The main signs that should raise alarm include:

• swollen lymph nodes;
• anemia, characterized by pale skin;
• constant feeling of malaise and fatigue;
• unreasonable loss of appetite and weight loss;
• the appearance of bruises and bruises on the skin;
• frequent and prolonged external or internal bleeding;
• feeling of fullness on the left side of the abdominal cavity due to an increase in the size of the spleen.

These symptoms are typical for many diseases, but their appearance cannot be ignored, because they may indirectly indicate a developing blood cancer. Often it is thanks to the patient’s complaints about the presence of these signs that a dangerous disease can be detected in a timely manner.

Types of therapy for chronic myeloid leukemia: medication, surgery, radiation

All therapeutic measures used to stop the oncological process that has affected the hematopoietic organs are prescribed by a hemato-oncologist based on the phase of development of the disease, general signs characterizing its course and the severity of the clinical picture accompanying chronic myeloid leukemia.

Therapeutic measures are prescribed individually to each patient, depending on the stage of the disease:

1. In the initial, chronic phase, no special treatment is required. To maintain a stable condition in patients, they are prescribed general restorative therapy, which consists of correcting nutrition, reducing physical activity and observing a work-rest regime.
2. The activation phase of chronic myeloid leukemia requires expansion of therapeutic measures. Patients are required to undergo courses of biological therapy with Interferon and chemistry with Chloroethylaminouracil, Hexaphosphamide or Mitobronitol. If indicated, a bone marrow transplant may be prescribed.
3. When a blast crisis occurs, treatment becomes useless. At this final phase of the disease, patients receive exclusively symptomatic therapy to alleviate the painful symptoms of the disease and maintain quality of life until the last days.

Prognosis for recovery

It is possible to stop developing chronic myeloid leukemia only at the initial stage of the pathological process, provided that the treatment is carried out correctly.
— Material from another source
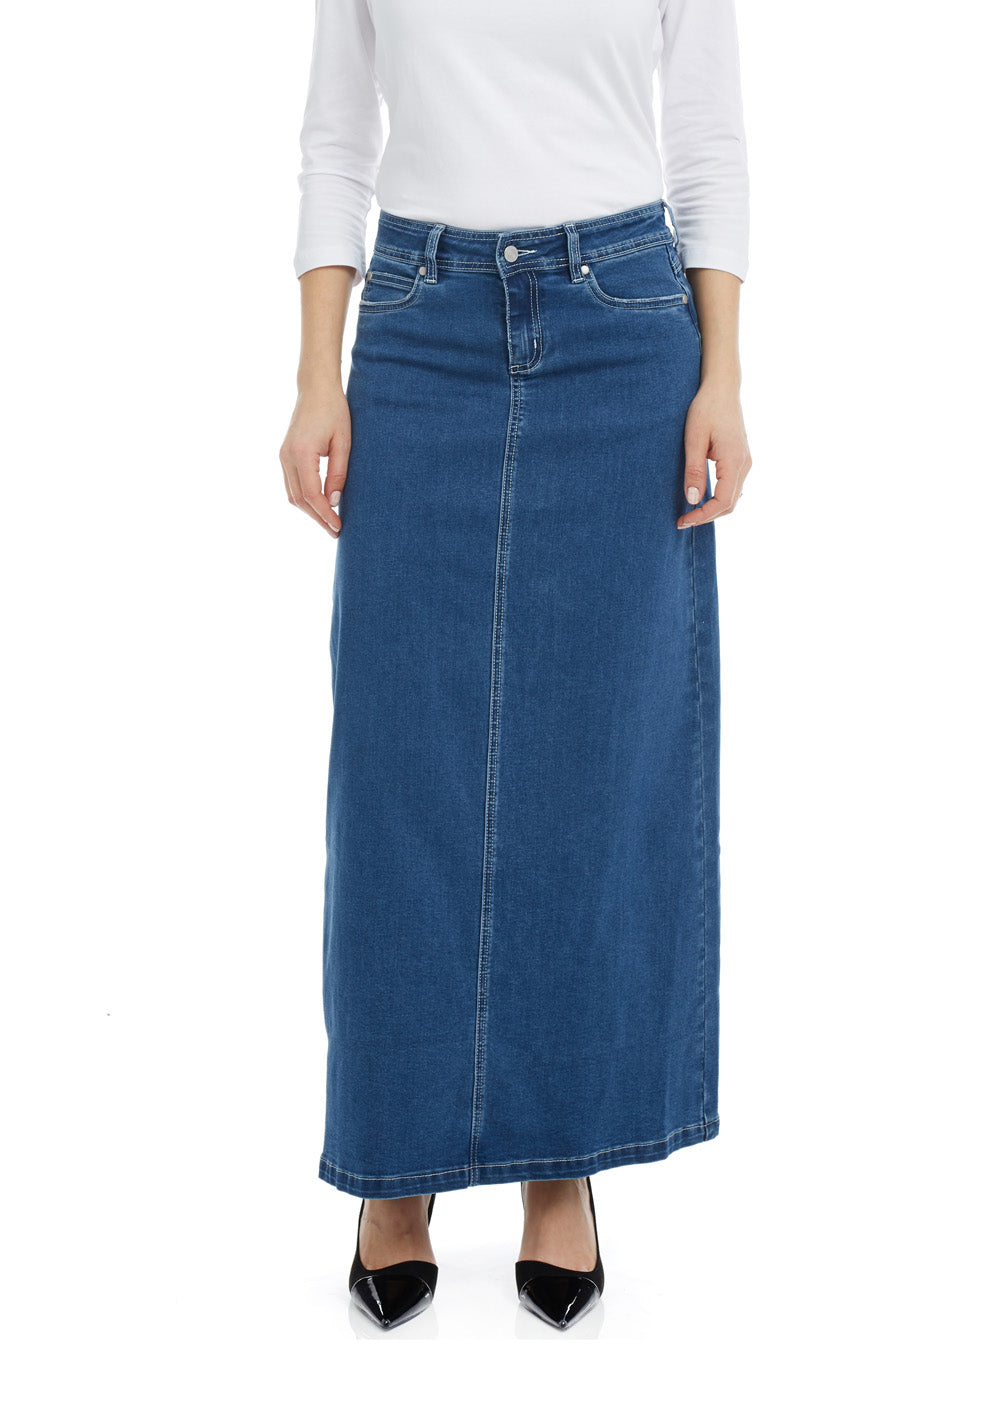 Esteez GEORGIA Denim Skirt - Ankle Long Maxi A-Line Jean Skirt for WOMEN - CLASSIC BLUE
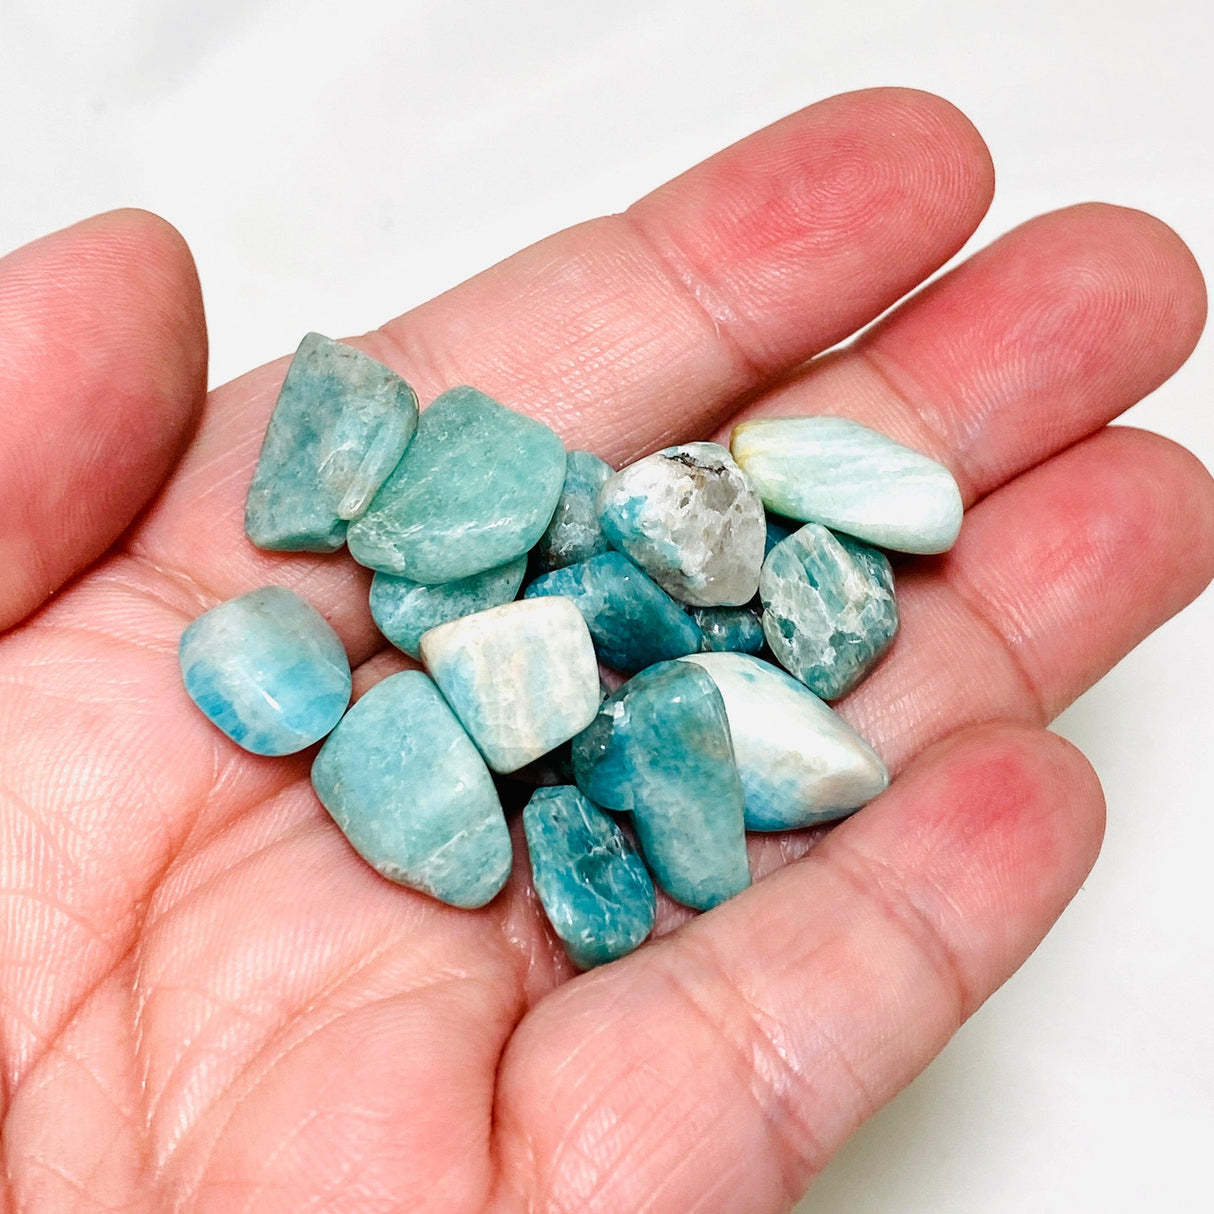 Mini Tumbled Stones (Chips) 50g - Amazonite - Nature's Magick

But this happens very rarely, since timely detection of the disease presents serious difficulties. Most patients die in the transition or terminal phase of chronic myeloid leukemia. From diagnosis of the disease to death at these stages of the disease, it takes about two years. Of particular danger is the onset of blast crisis - during this phase, cancer patients live no longer than six months. The most unfavorable is the presence of an abnormal Philadelphia chromosome in the blood genes.

Prevention of myeloid leukemia

There are currently no specific preventive measures to prevent chronic myeloid leukemia. The only thing hemato-oncologists advise people who are at risk for developing an oncological process in the hematopoietic organs is regular screening tests.

General recommendations for the prevention of chronic myeloid leukemia include:

• correction of the diet with the inclusion in the daily menu of dishes enriched with vitamin and mineral complexes;
• complete cessation of addictions (smoking, alcohol abuse, evening overeating), or reducing them to a minimum;
• maintaining an active, healthy lifestyle with regular participation in feasible sports;
• Reducing exposure to ultraviolet radiation: avoiding exposure to direct sunlight.